Superior to history? But whose history?
With all this stoushing between writers of historical fiction and professional
historians, exactly what type of historical knowledge is at stake here? How
does the knowledge gained from reading historical novels fit with the kind of
knowledge then Australian Prime Minister John Howard yearned for on the
eve of Australia Day 2006 when addressing the National Press Club? Howard
said:
      Too often, [history] is taught without any sense of structured narrative,
      replaced by a fragmented stew of ‘themes’ and ‘issues’. And too often,
      history, along with other subjects in the humanities, has succumbed
      to a postmodern culture of relativism where any objective record of
      achievement is questioned and repudiated. (Howard, 2006)

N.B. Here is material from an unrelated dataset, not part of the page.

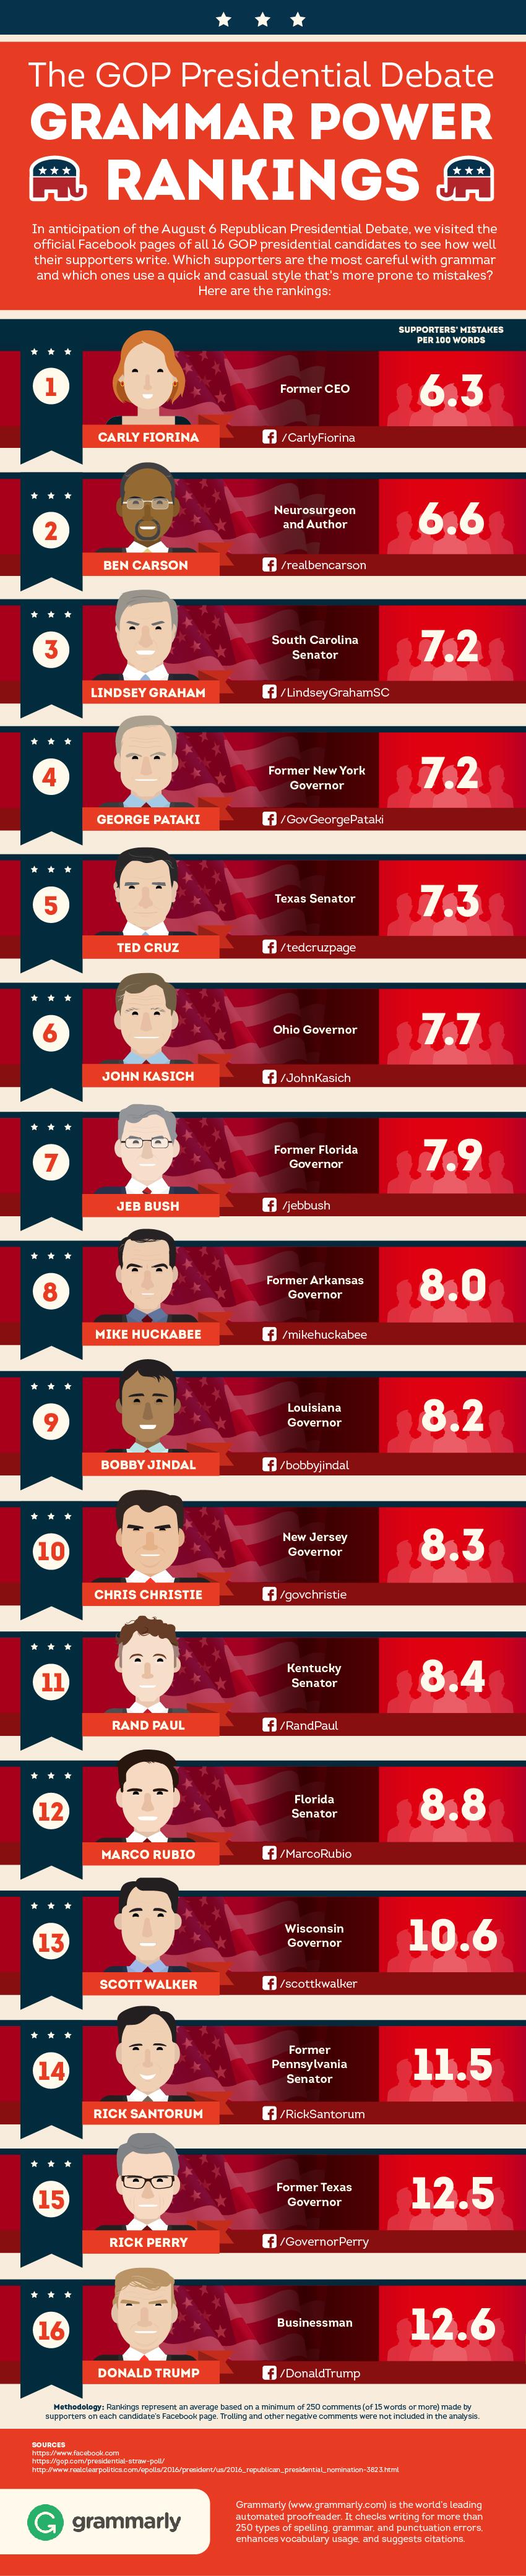 GOP Candidate Grammar Power Rankings

Here Howard desires a history that advances a kind of eulogy of Australia’s
past, one in which there is a steady advancement of the nation, highlighting
the triumph of progress. This is often labelled evolutionary idealism.
      This was a message which he sustained through to September 2012
(when he was no longer Prime Minister). When delivering the Sir Paul Hasluck
memorial lecture in Perth, he ‘slammed’ (as Elks and Packham described it)
the proposed new ACARA Senior History Curriculum as being ‘unbalanced’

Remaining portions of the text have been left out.